Redemption was a stripped back affair, Koch, her guitar and harmonica, that’s all. Here, with a five-piece band behind her, it’s instructive to compare the discs. On the debut the songs sing out but Koch is somewhat restrained whereas here her voice has filled out and swings with her Texan accent, listen to way she now manages the undulations of How Long with a consummate ease as opposed to her more formal studio recording. Meanwhile the addition of the band gives the songs a great lift, a Technicolor scheme as opposed to the monochromatic original.

Opening with the sweet pedal steel and fiddle laced Houston, Koch sweeps through the album with aplomb. Just The Way has a Dylan (circa Desire) arrangement to it and Can’t Complain, a hardscrabble tale of red dirt living is quite magnificent, a song to rival many of Koch’s more famous peers and it’s followed by another excellent song, Redemption.

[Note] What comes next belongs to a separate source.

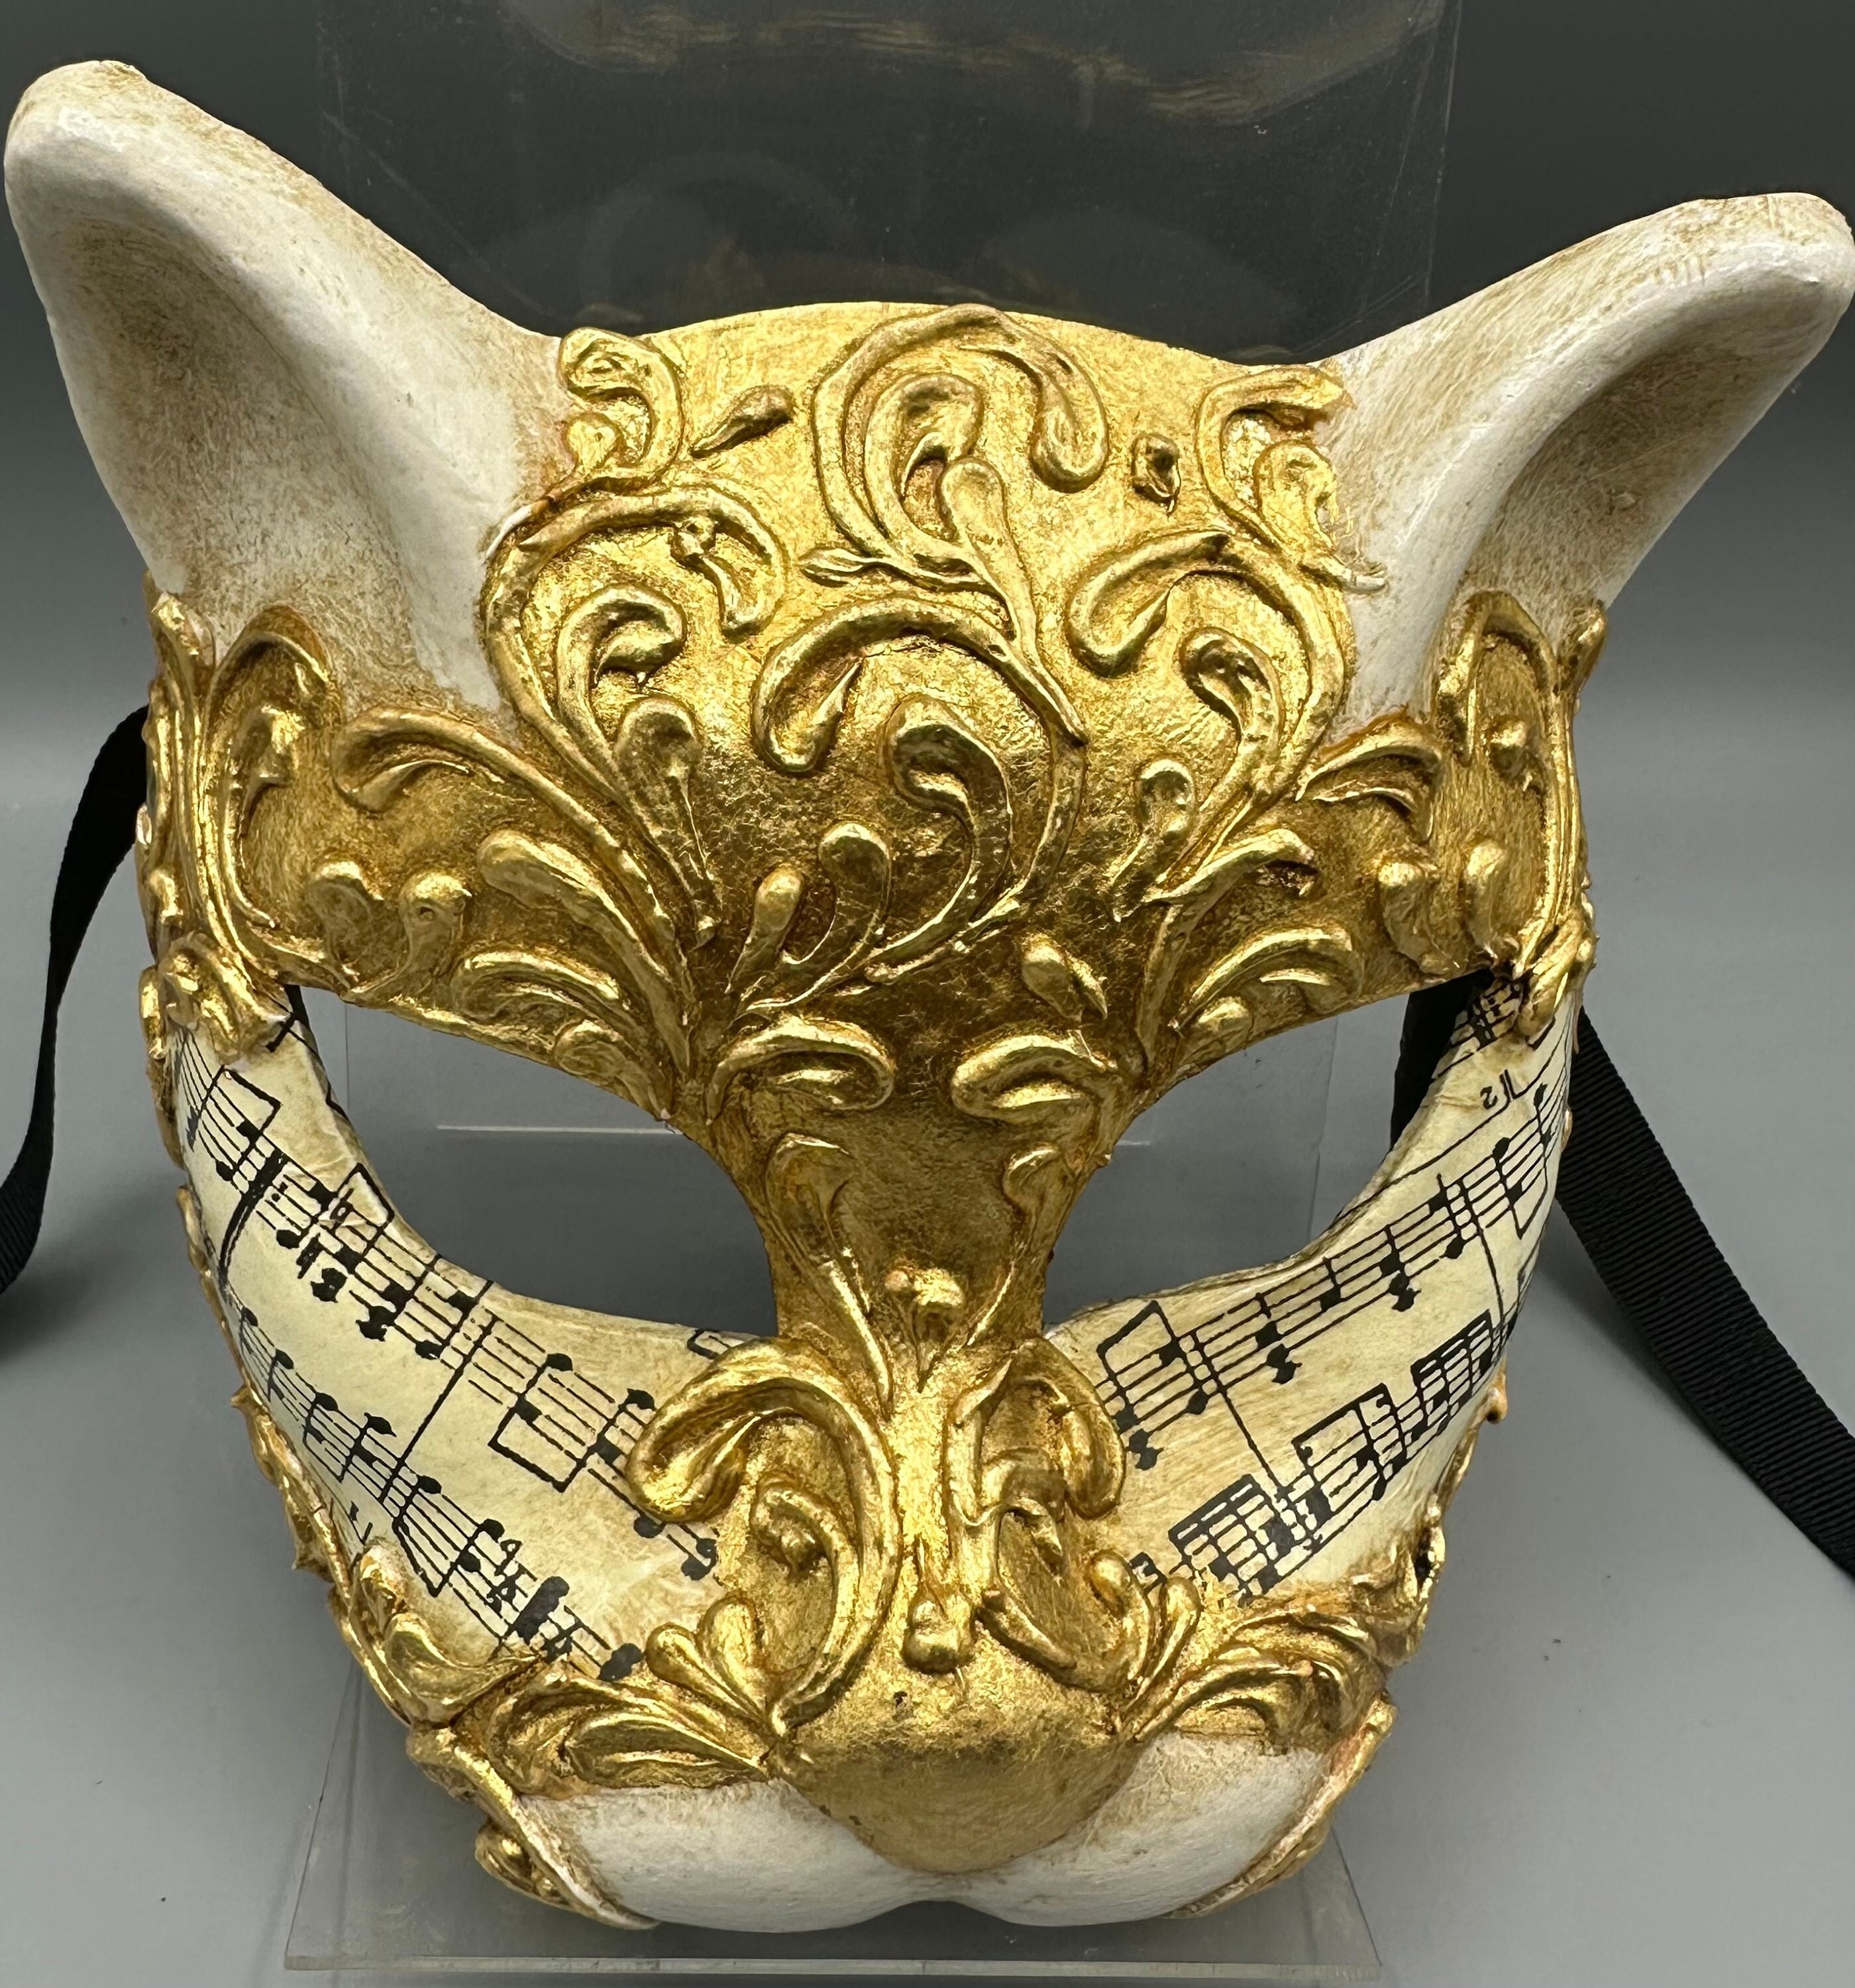 Custom Painted Cat Masks

Time here to mention the stellar playing on fiddle by Javier Chaparo, guitar from Bill Browder and pedal steel wizard Patterson Barrett, all three concocting a swinging and smooth country rock backing. Barrett gets behind the piano for a raucous delivery of Down, unrecognisable from its parent album as Koch comes across as feisty as Linda Gail Lewis. Closing the album (as on the original) with Johnny Cash’s I Still Miss Someone, Koch and the band sound superb, leaving one wishing that someday Ms. Koch might be able to bring such a line up over here. In the meantime, the album’s an essential addition to any Koch fan’s library.

Website

Hope In High Water. Bonfire & Pine. Fish Records

430_5d68ea4159895This second album from Hope In High Water (who amusingly describe their music as “Mountain music from the flatlands of Milton Keynes”) expands somewhat on the simpler guitar and banjo songs which populated their debut from a few years back. Josh Chandler Morris’s guitar and Carly Slade’s banjo are aided and abetted by Luke Yates on violin and percussion with Darren Camp on drums but the primary difference is that the pair have dug deeper into the well of American music. There’s more soul and grit in these grooves, not in an old fashioned R’n’B sense but picking up on vibes cast by the likes of The Band and old folk hands such as Karen Dalton.

The Band come to mind on the opening song, Healed, a song heralded by Morris singing, “Started to feel comfort in my own skin, it took a healthy dose of psilocybin” over a fine and syrupy rootsy rhythm which could have come from an album such as Cahoots. Slade then takes the driver’s seat on the banjo led It’s Over Now proving that she has some grand vocal chops which have a hint of Maria Muldaur to them. The song rolls along in fine style with its old time, almost music hall, sing-along chorus bound to be a live favourite, somewhat at odds with its subject matter which concerns surviving childhood abuse, meanwhile, an accordion allows the song to have a slight anglicised whiff to it in the manner of Richard Thompson.

While not wanting to set the pair to feuding, it’s Slade one looks forward to hearing as the album moves along. Morris has an attractive strained husk to his singing and the pair do fantastic harmonies as on the title song. However, Slade excels on several numbers. She returns to the subject of abuse on Stronger Than You Know, a much starker number than It’s Over Now, with her voice dredged from the depths while her plaintive banjo has the air of Greil Marcus’s old weird America. She gets weirder (in a good way) on the haunting Alone, a song which is worth the price of the ticket in itself as the band throw in some excellent dark folk stylings, while Something Unnamed has the unadorned simplicity which characterises the best of American folk music.  Overall, very nice.